View Larger + Kavanaugh sworn in by Roberts

Former Supreme Court Justice John Paul Stevens told a crowd this week that Brett Kavanaugh is not the right nominee for the bench.

Stevens, who's praised Kavanaugh before, says he's changed his mind about Kavanaugh for reasons unrelated to Kavanaugh's "intellectual ability".

Speaking to an audience of retirees in Boca Raton, Florida, Stevens, 98, said he started out believing that Kavanaugh deserved to be confirmed, "but his performance during the hearings caused me to change my mind". Retired Associate Justice Anthony Kennedy refused to comment on the Kavanaugh scandal when asked about it last month, but did offer a vague statement about the state of democracy.

And the newspaper says Stevens says he thinks "there's merit to that criticism and I think the senators should really pay attention that". He served from 1975 until his retirement in 2010. He signed a dissenting opinion in the Bush v. Gore case, in which the majority ruled to settle the 2000 election recount dispute in favor of George W. Bush.

Stevens said he, too, has come to believe that Kavanaugh, a US appellate judge, "demonstrated a potential bias involving enough potential litigants before the (high) court that he would not be able to perform his full responsibilities".

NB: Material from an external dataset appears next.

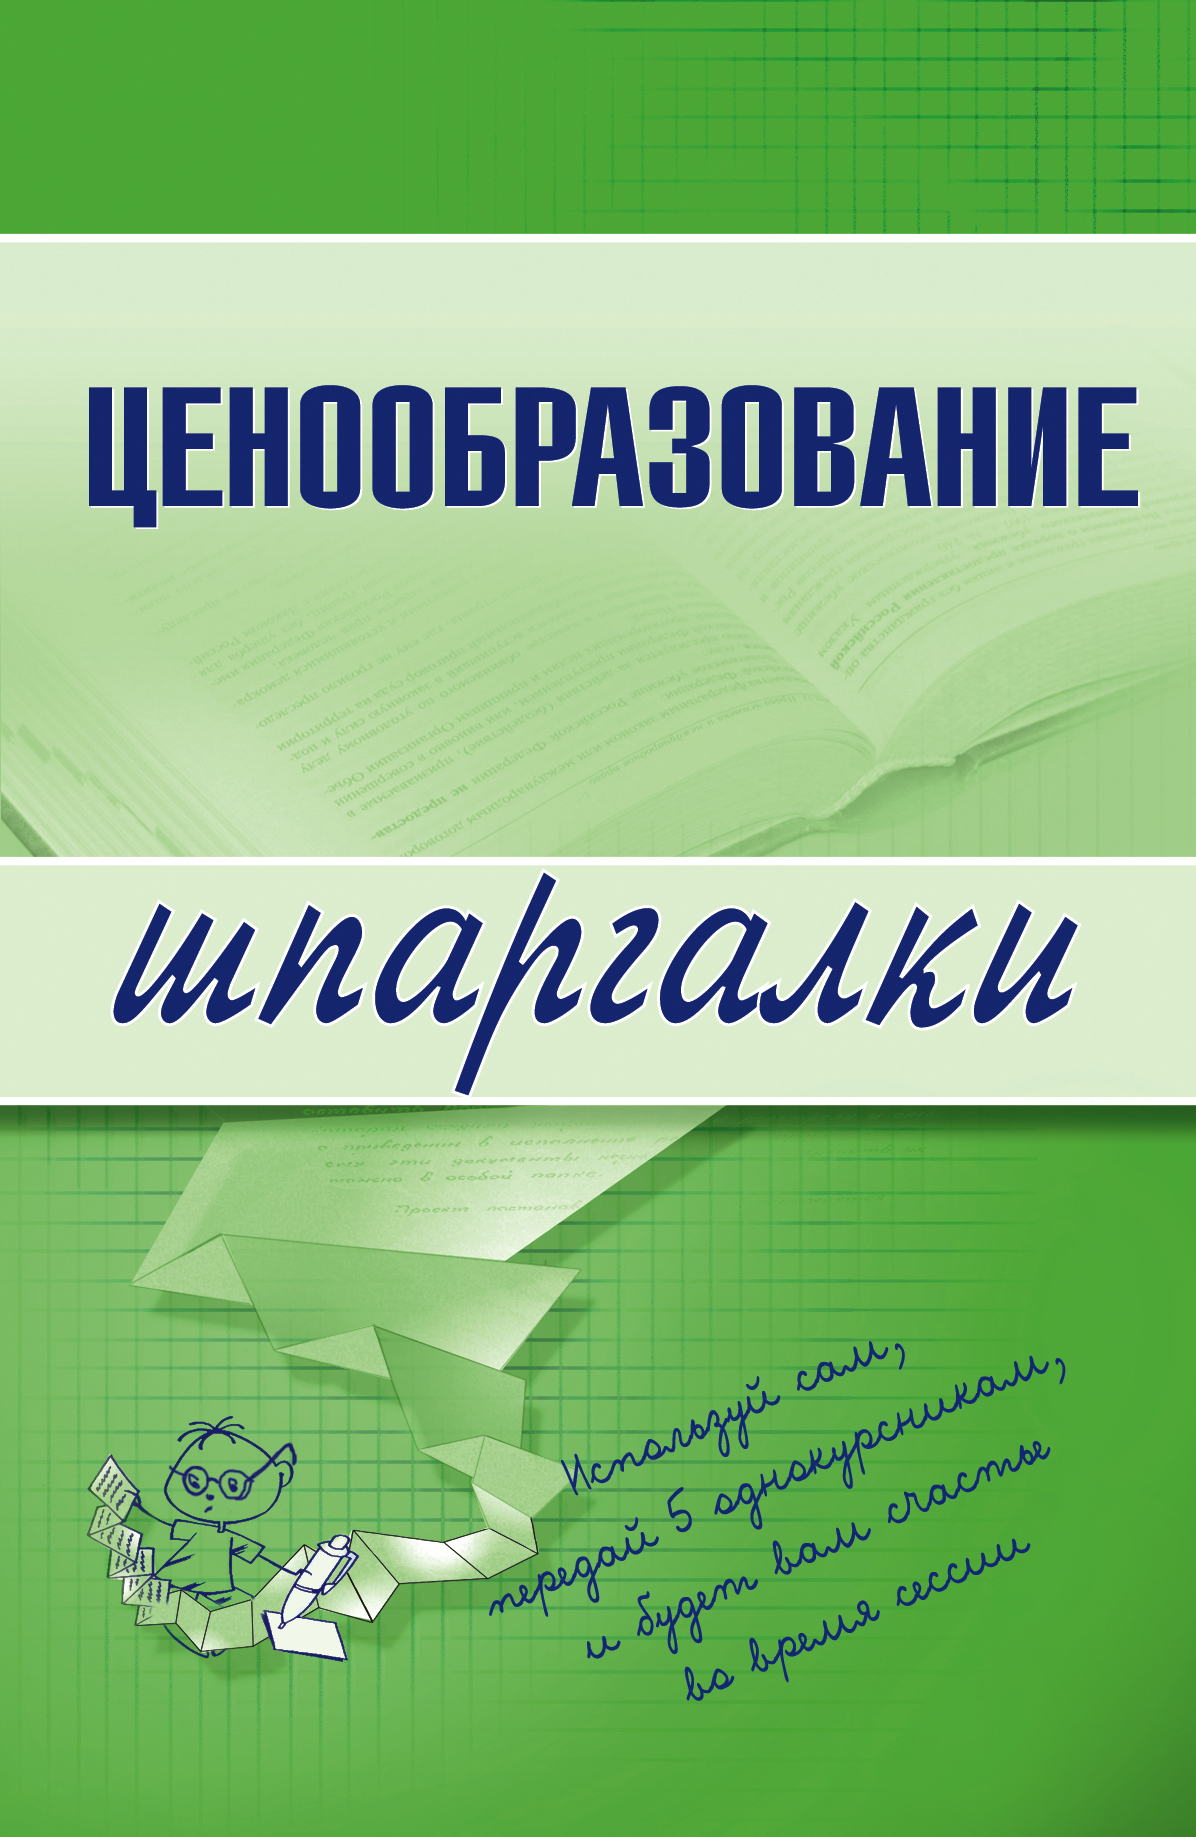 Книга Ценообразование из серии , созданная А. Якорева, может относится к жанру Экономика. Стоимость электронной книги Ценообразование с идентификатором 179727 составляет 44.95 руб.

Stevens is famously a lifelong Republican-though he just as famously sided with the liberal wing of the court on several hot-button issues over the years. But everything changed after his Judiciary Committee testimony. In his book, "Six Amendments: How and Why We Should Change the Constitution", Stevens said, he included a description of an opinion Kavanaugh wrote in a section where the retired Supreme Court justice argues for reversing the court's Citizens United ruling.